Em meio ao mar encapelado de tentações e provações que caracterizam nossa trajetória ao Céu, Maria Santíssima é a Estrela cuja luz resplandece na noite dos infortúnios. Ela é a Mãe terníssima, consoladora e esperança em todos os momentos e estágios de nossa vida espiritual.

Há uma oração a Nossa Senhora – a qual reputo uma verdadeira maravilha – tirada de um livro atribuído a Tomás de Kempis1, autor da Imitação de Cristo, obra-prima de unção, teologia e piedade.

Antes de a considerarmos, é necessário termos presente o seguinte: ao longo da vida espiritual, a alma passa por várias desolações, de modo culposo ou não, que a abatem, a prostram e tendem a tirar-lhe o ânimo.

zeitgenössischer Maler (CC3.0)
Tomás de Kempis

Estados de provação interior na trajetória das almas para o Céu

Alguns autores de vida espiritual sustentam a tese de que o pior do pecador não é o pecado, mas o estado de desânimo a que fica reduzido após uma queda e a falta de coragem de se aproximar de Deus Nosso Senhor como um verdadeiro filho.

Há almas pecadoras que prevaricam e afundam na prostração e no abatimento.
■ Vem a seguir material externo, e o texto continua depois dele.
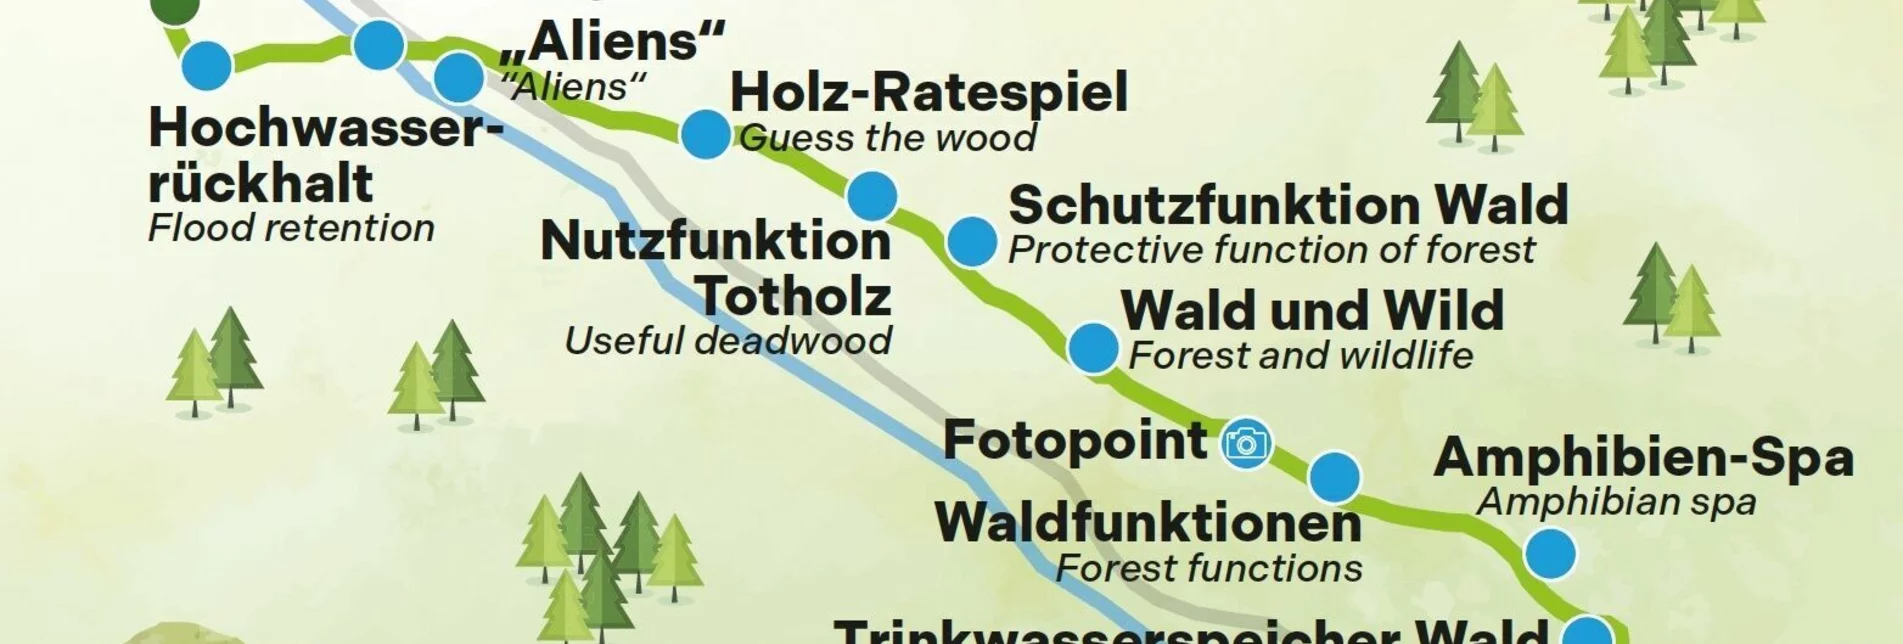 Wanderung Themenweg Augstbach - Touren-Impression #1 | © Gemeinde Altaussee

Há outras que não pecam propriamente, no sentido de cometerem uma ação diretamente contrária aos Mandamentos, mas acabam por cair na tibieza. Essa é a queda mais inopinada e frequente na vida espiritual: o fervor vai “mar alto” e, de repente, sobrevém a tibieza, e a chama vai diminuindo até extinguir-se. Tudo se transforma em tédio, monotonia e desinteresse; tudo é aridez, desolação e secura de espírito.

Às vezes isto se dá pelo fato de se ter consentido num pecado de tibieza, mas também pode constituir uma provação, da qual não se tem culpa alguma. Esses são os estados trágicos pelos quais a pessoa passa e que constituem a trajetória para o Céu. Atravessando-os de modo vitorioso, a alma alcança a glória celeste.

É especialmente durante essas etapas difíceis que Nossa Senhora é invocada como a “Estrela do Mar”, daquele mar noturno e encapelado de todas as ondas, com fortes ventos e ventanias. Ela é a Estrela que nos guia e nos salva das várias tempestades e maremotos de nossa vida espiritual.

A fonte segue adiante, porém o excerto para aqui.